You might think that Poisson as opposed to Gaussian noise would be a better description for the data, but it turns out that by the time you allow for rescaling the noise to cater for extended sky, and weighting the different pixels of the object spectrum in the spatial direction so as to try to maximize the signal-to-noise, the probability distribution function for the signal you are seeking looks horrendously complicated.  Gaussian is simple enough to be easily handled. There is also the complication that rebinning and adding the data on to a uniform wavelength scale, or a logarithmic one (or almost any) introduces correlations between neighboring pixels in the extracted spectrum, and these have to be allowed for in any Chi-squared estimate. We do this by using a scalefactor which is effectively the square root of the error estimate over the actual RMS fluctuations in the spectrum, and applying that on a local basis. This approach has been tested especially by Andrew Cooke, who did not like it, but concluded that it was reasonable after desperately looking for and failing to find an alternative. Having to do this also means that spending a lot of time on error distributions is not very useful.
 

Parameter Error Estimates:

Error estimates in the parameters derived from saturated lines are generally unrealistically small, since they are based on a ellipsoidal approximation to the error contour in which the ellipsoid axes are in the directions of the variables chosen. For saturated lines this is far from being true (see the error contours in the ancient Carswell et al paper on 1101-264 in 1984 ApJ 278, 486). However, I have not done much on single saturated lines with high S/N data except to establish that Ly-a with an estimated logN<14.75 are fairly reliable, and above that the Ly-b provides a better constraint (often by having more than one component).
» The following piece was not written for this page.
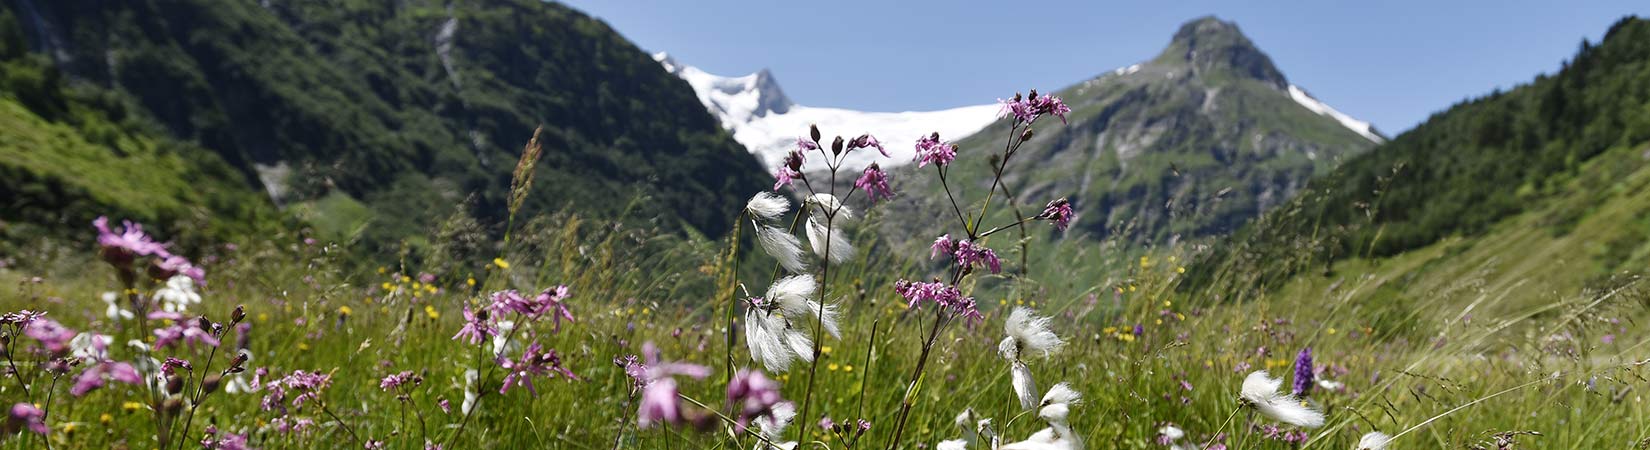 fruehling nationalpark hohe tauern TVB Osttirol Aichner Bernhard Matrei in Osttirol

To get a reasonable error estimate in b/logN for a single line you can use the chi^2 sum technique described by Lampton et al (ApJ 208, 177, 1976 ). You can enter the redshift, Doppler parameter and column density and obtain a chi^2 from the program using the D (or E) options on the first line, and so construct a grid of chi^2 values as a function of the parameters. You can then use the difference of chi^2 from the minimum value to estimate the error ranges (as in Carswell et al, ApJ 278, 486, 1984; Atwood et al, ApJ 292, 58, 1985). This is not desperately efficient, even if you automate it, and it becomes hopeless when attempting to allow for errors in lines that are close together. The ellipsoidal error approximation at least takes reasonable account of these.